Stat 3011 (Geyer) In-Class Examples (Chapter 2)

General Instructions

To do each example, just click the "Submit" button. You do not have to type in any R instructions (that's already done for you). You do not have to select a dataset (that's already done for you).

Dot Plots (Strip Charts)

Datasets from Wild and Seber

Exercises for Section 2.3.1 (p. 49) unemploy.txt

• The square brackets select a subset of the values of the variable `unemploy`, those for which the variable `group` has the value `"eec"`. This is documented on the R on-line help for square brackets and relational operators. To see that these are indeed the data you are to plot, look at the data file unemploy.txt.
• R does not seem to have any way to put the labels on the plot requested by this exercise.
• The on-line help for stripchart gives optional arguments. The optional argument `method="stack"` is necessary if the numbers being plotted are not all different.

Stem-and-Leaf Plots

Datasets from Wild and Seber

Table 2.3.1 (p. 53) trfdeath.txt

• The additional argument `scale=3` to the `stem` function is necessary so that R will draw the same stem-and-leaf plot as in the textbook.
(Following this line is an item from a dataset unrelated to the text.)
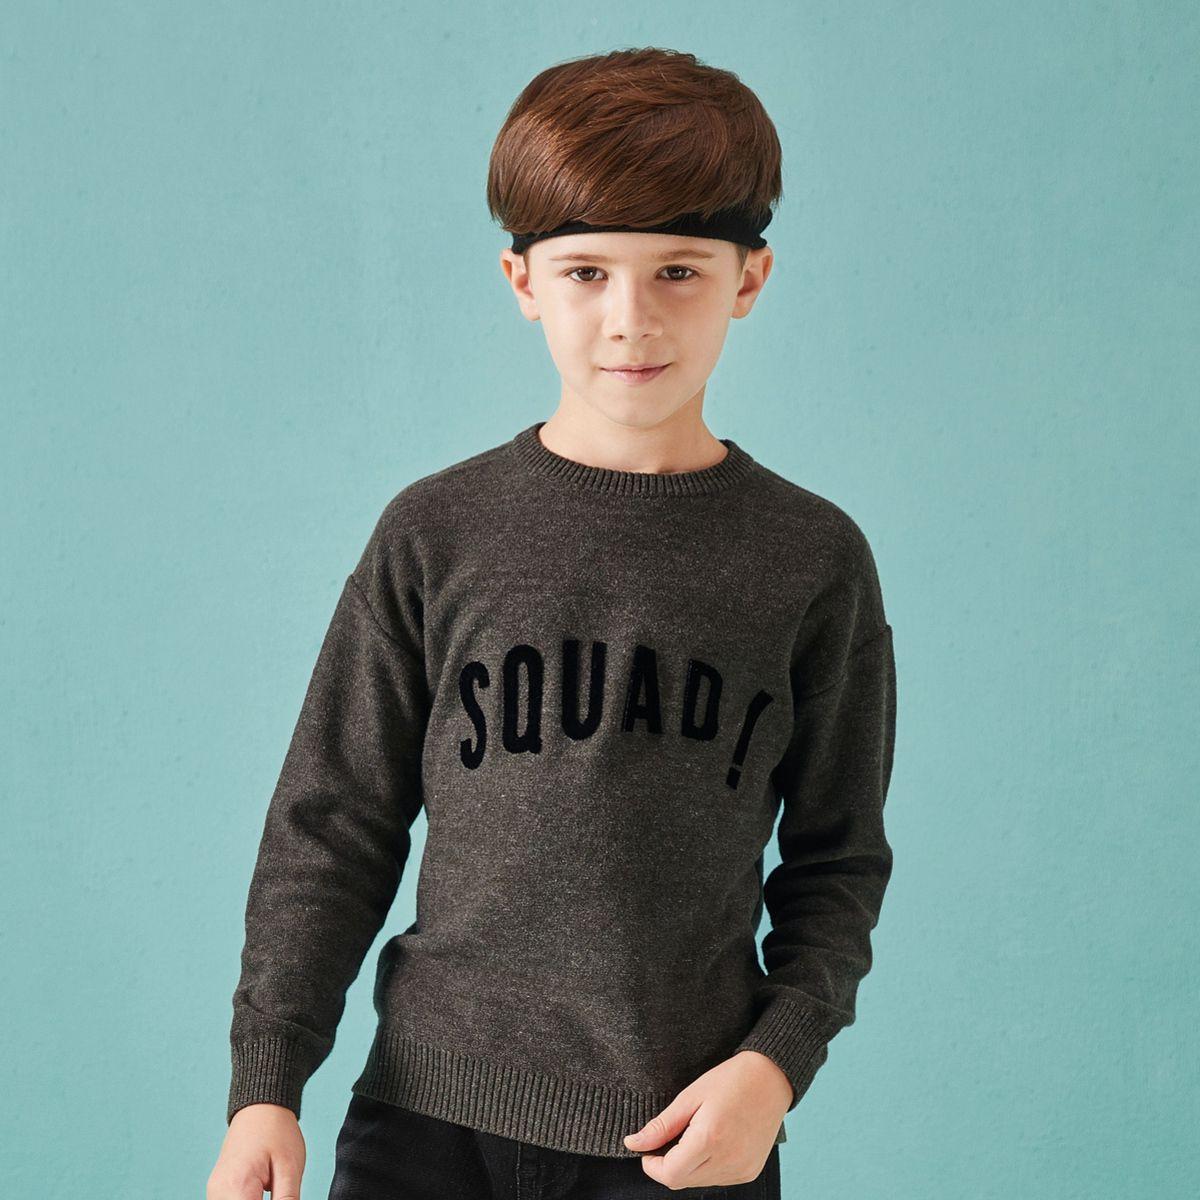 巴拉巴拉巴拉巴拉男童新款秋装中大童儿童毛衣男童针织衫套头线衫针织衫280331813044910

This is documented on the R on-line help for stem.

There is no way to tell exactly what any particular value of the `scale` argument does. You just have to experiment until you get a plot that you like.

Histograms

Datasets from Wild and Seber

Table 2.3.2 (p. 56) coyote.txt

• The square brackets select a subset of the values of the variable `length`, those for which the variable `gender` has the value `"female"`. This is just like the dot plot example. To see that these are indeed the data you are to plot, look at the data file coyote.txt.
• The additional argument `right=FALSE` to the `hist` function is necessary so that R will draw the same histogram as in the textbook. This is documented on the R on-line help for hist.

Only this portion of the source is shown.